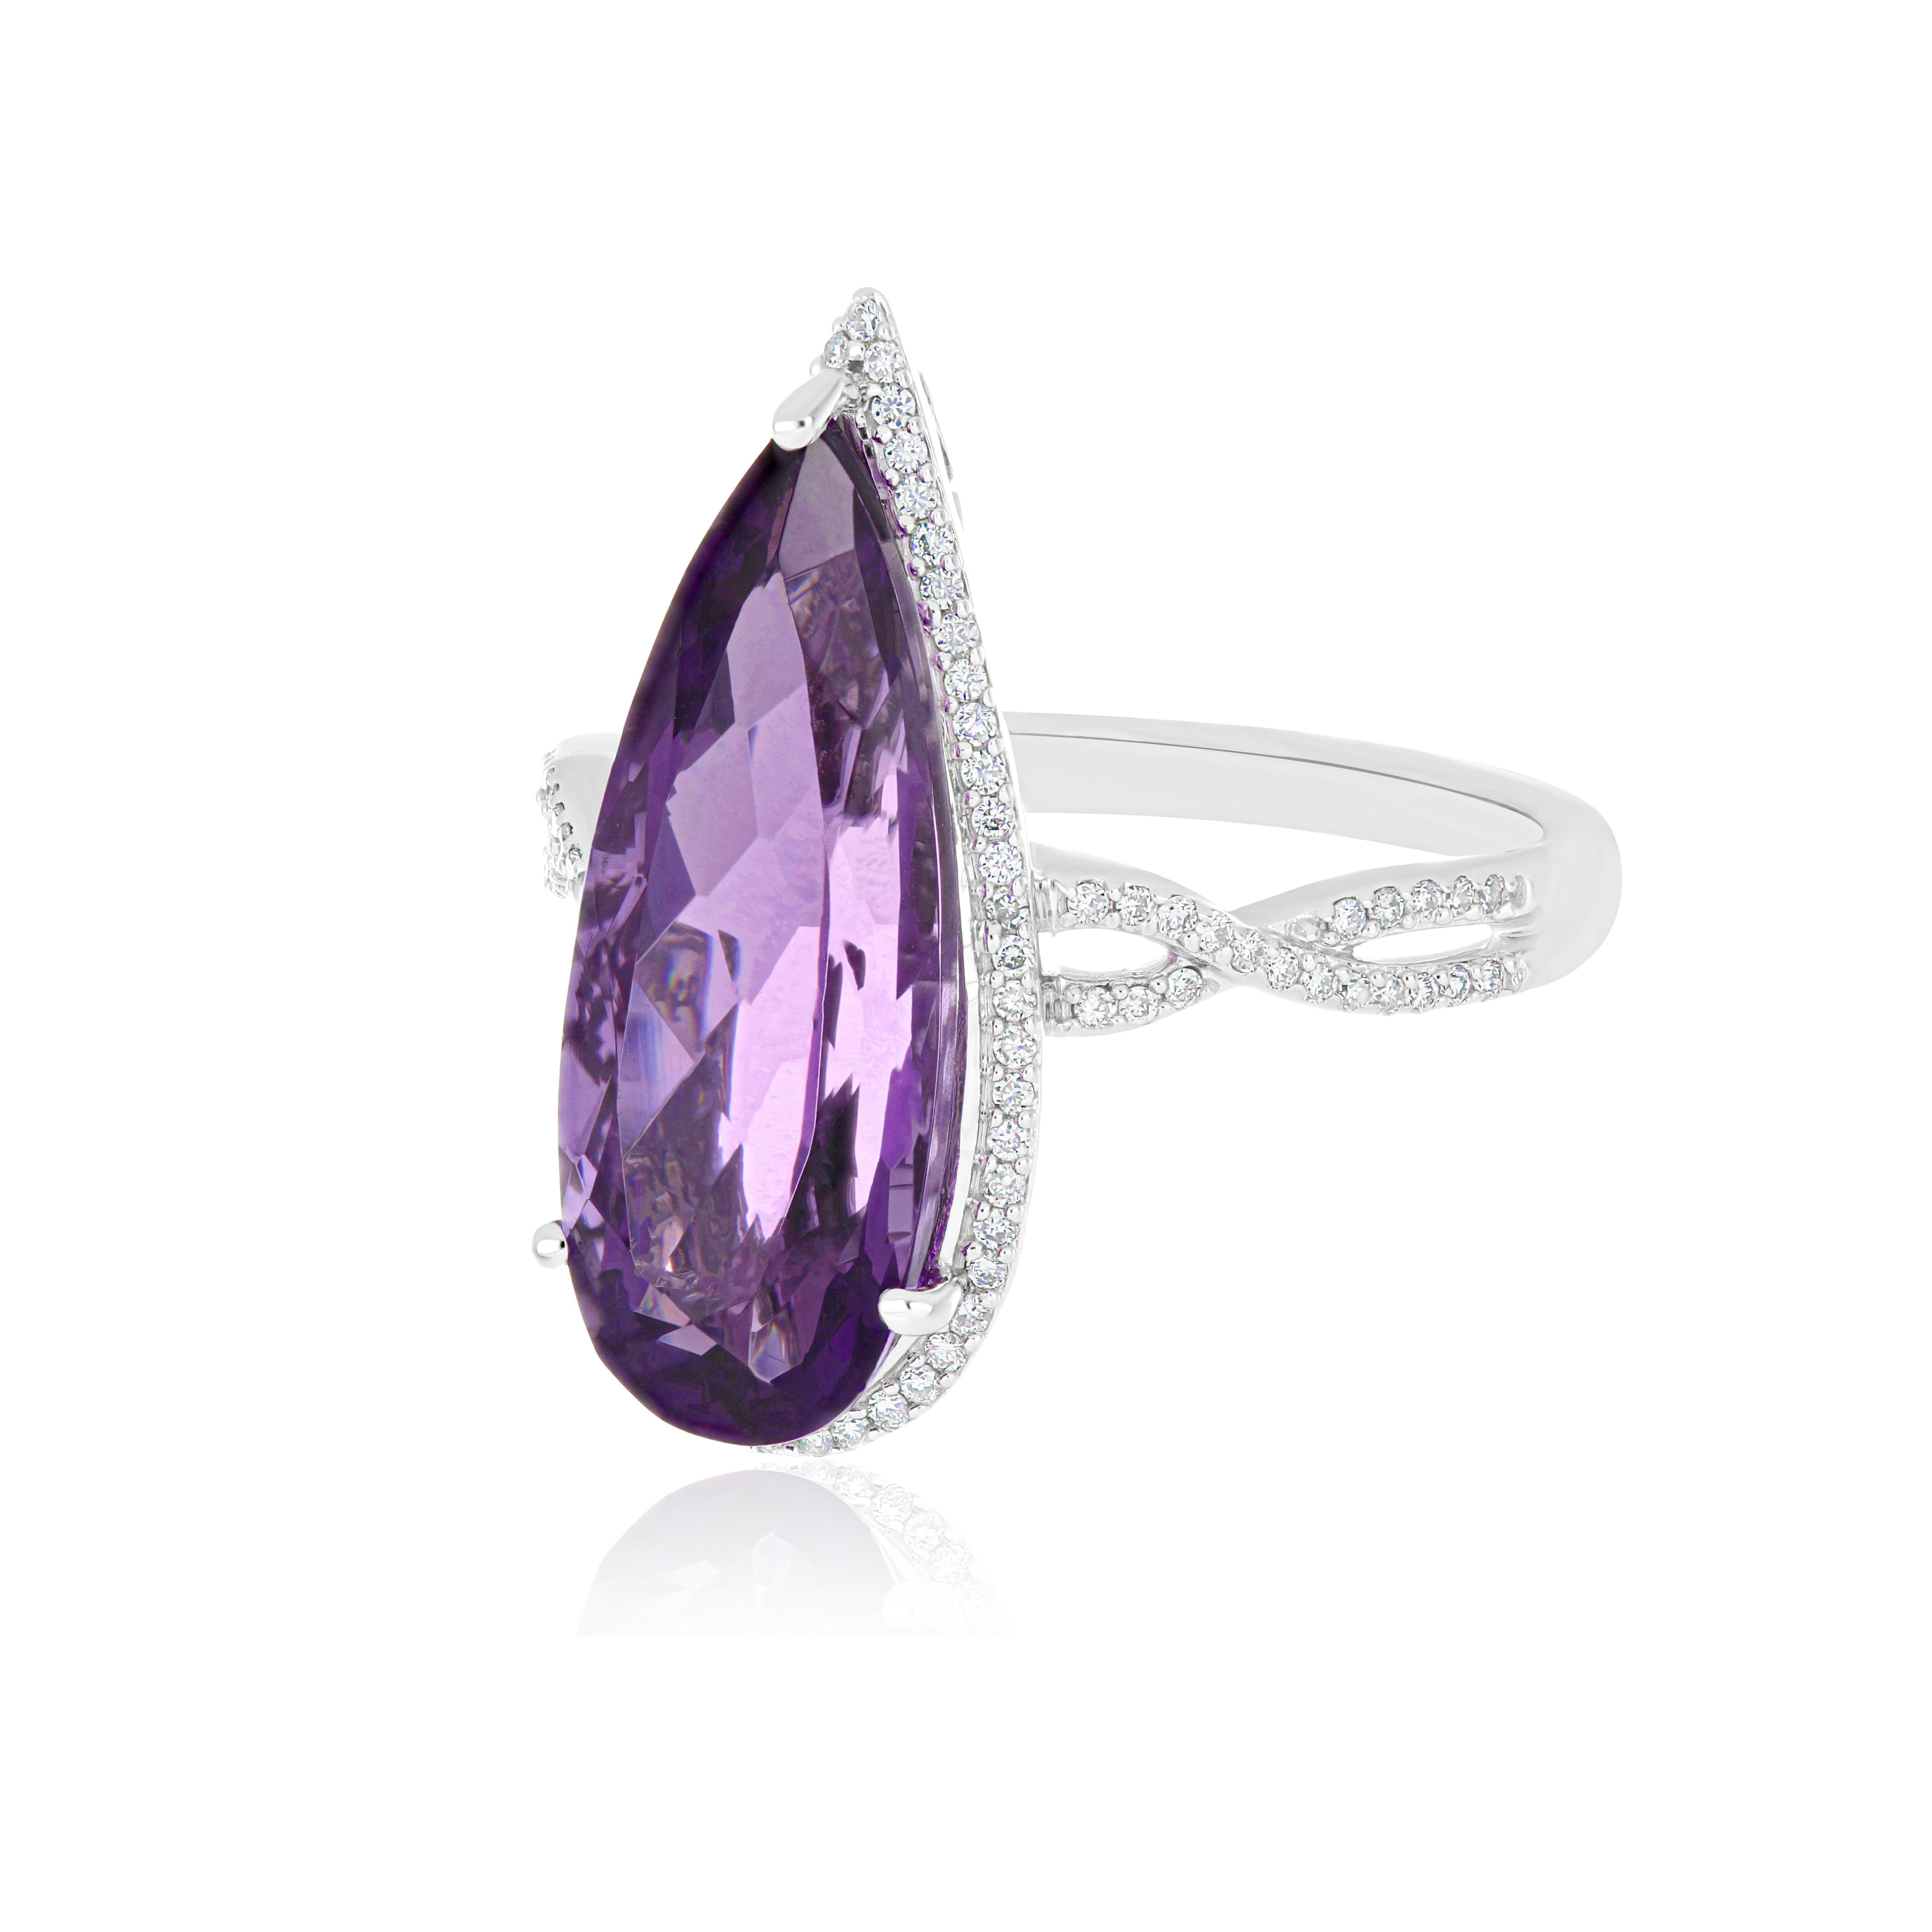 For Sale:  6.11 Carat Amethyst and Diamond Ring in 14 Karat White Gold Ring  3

--

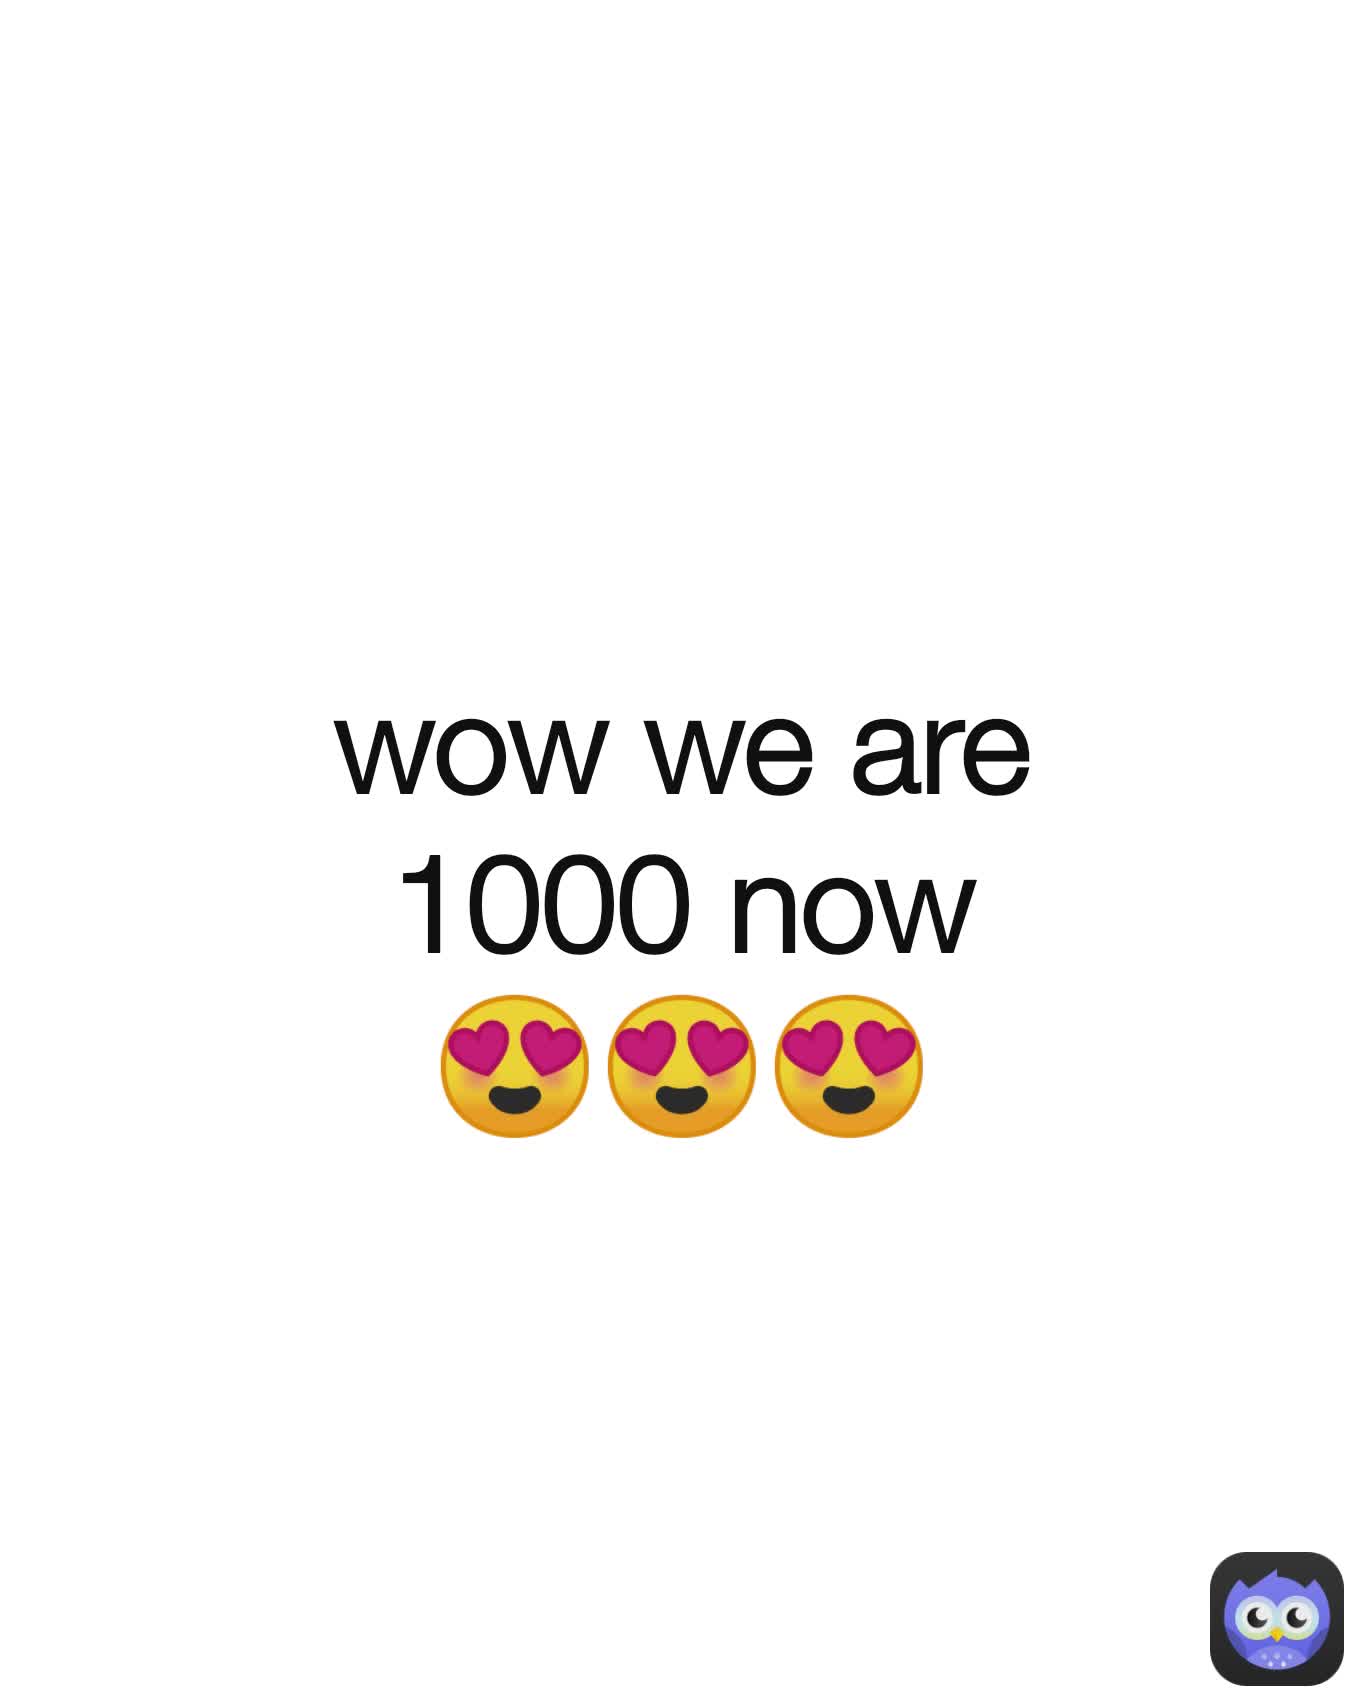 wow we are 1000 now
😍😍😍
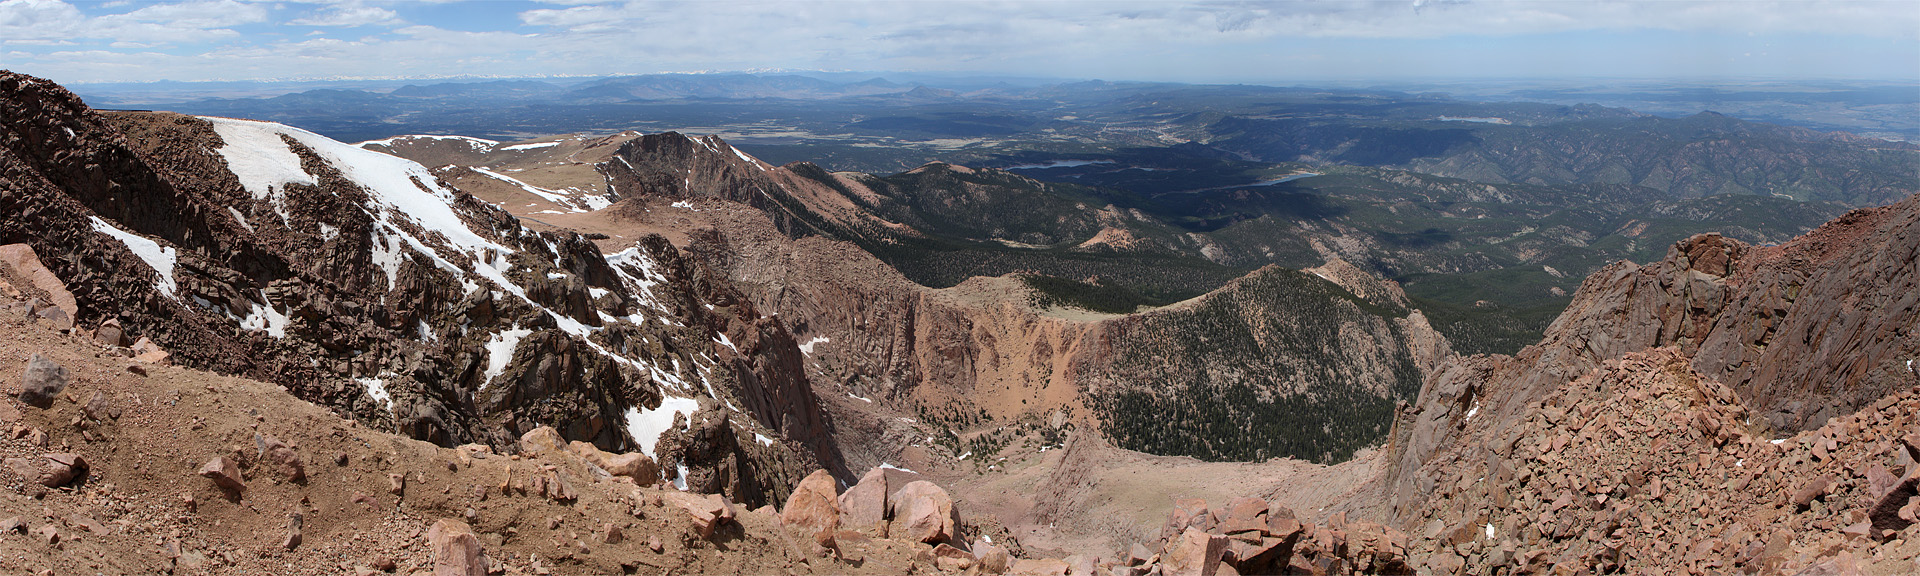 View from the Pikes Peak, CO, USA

--

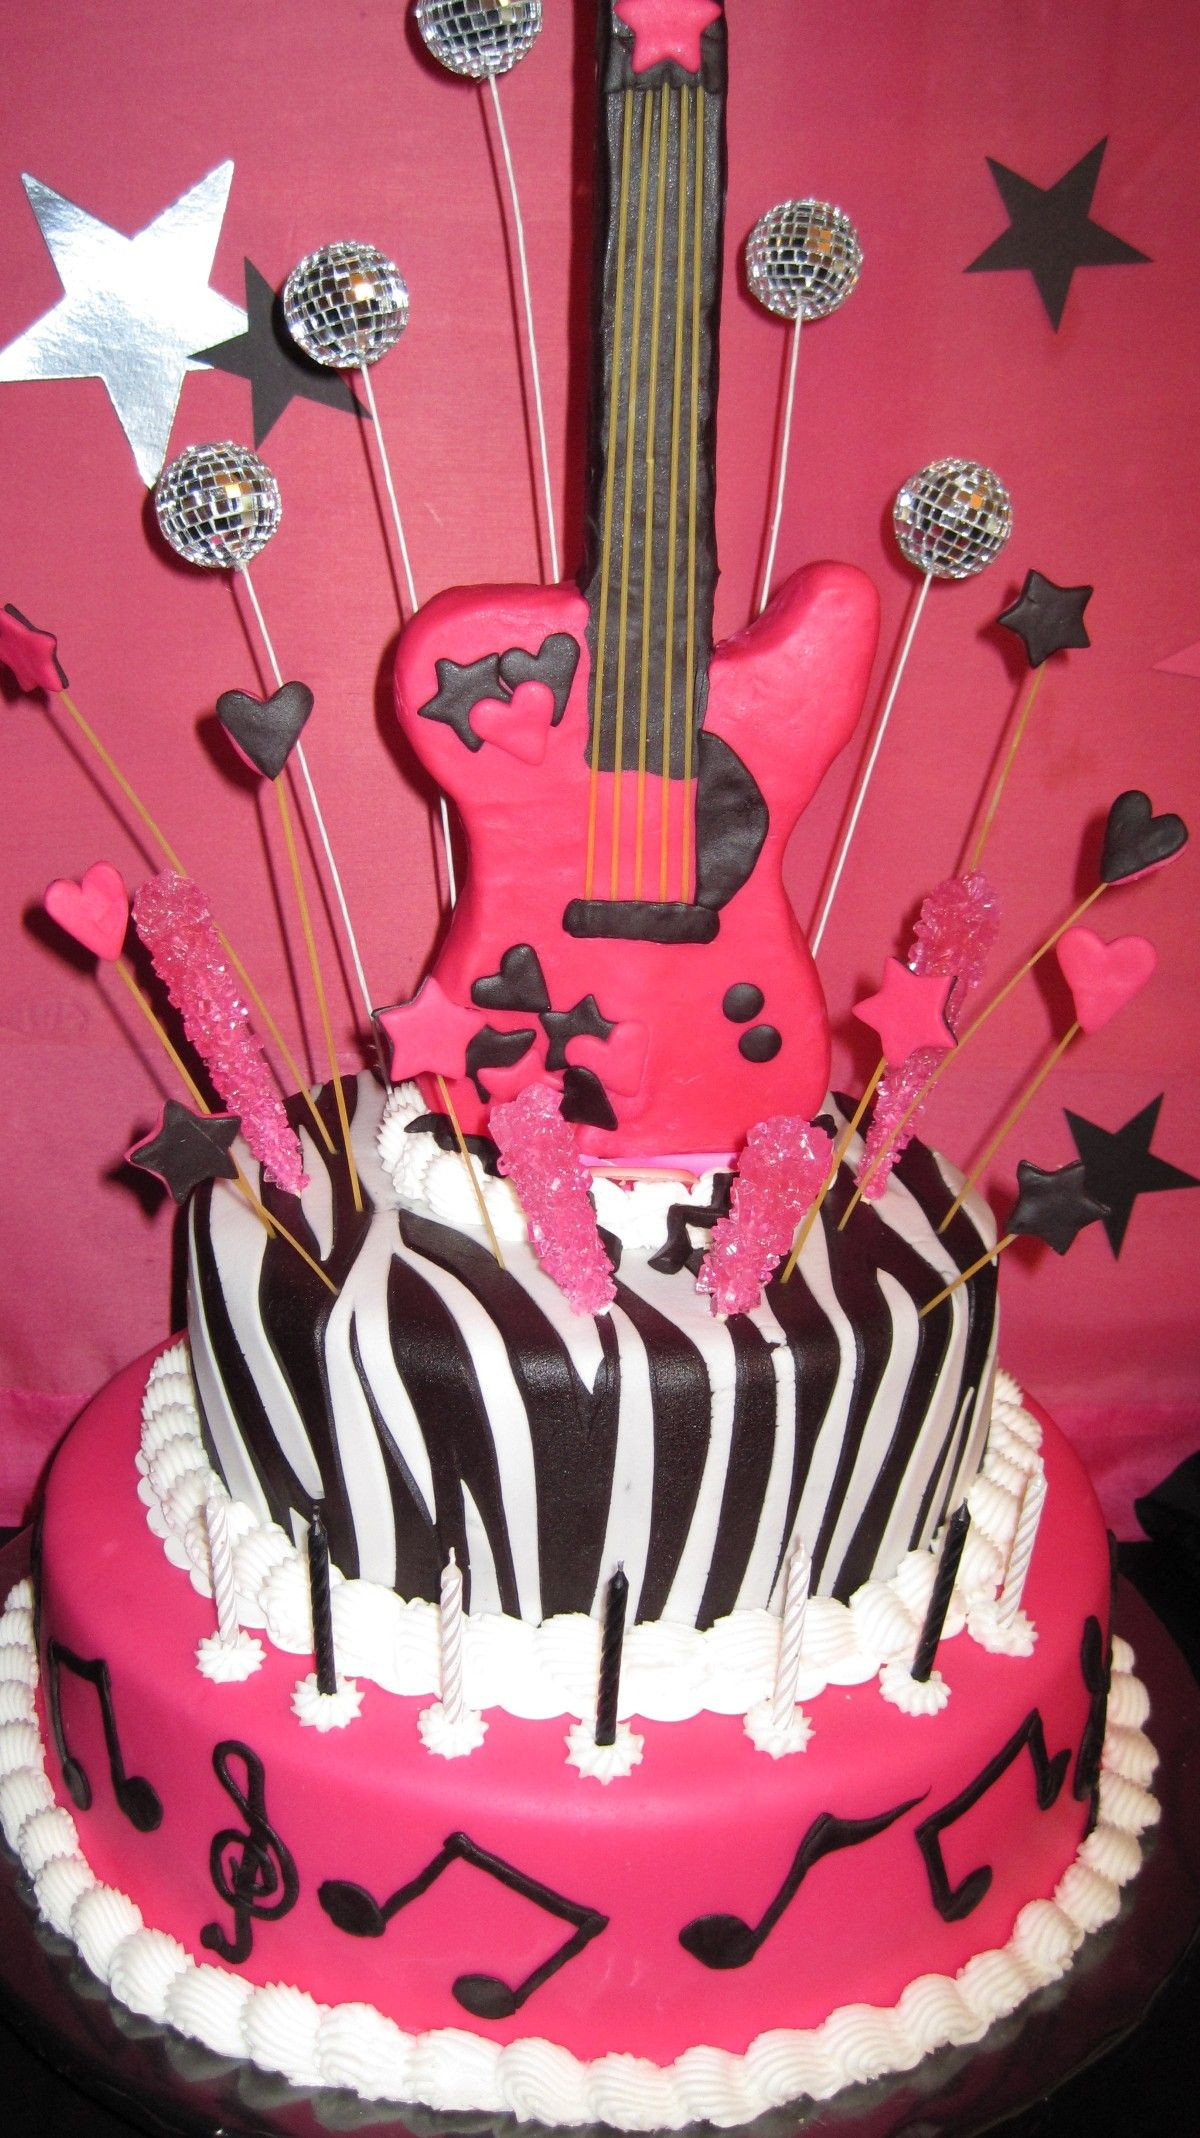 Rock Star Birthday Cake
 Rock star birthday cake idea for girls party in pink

--

**TASK**.
Print the line above containing "wow we are 1000 now", the line containing "View from the Pikes Peak, CO, USA", and everything between them, exactly as written. Pictures stay out.

**COMPLETED TASK**.
 wow we are 1000 now
😍😍😍
 View from the Pikes Peak, CO, USA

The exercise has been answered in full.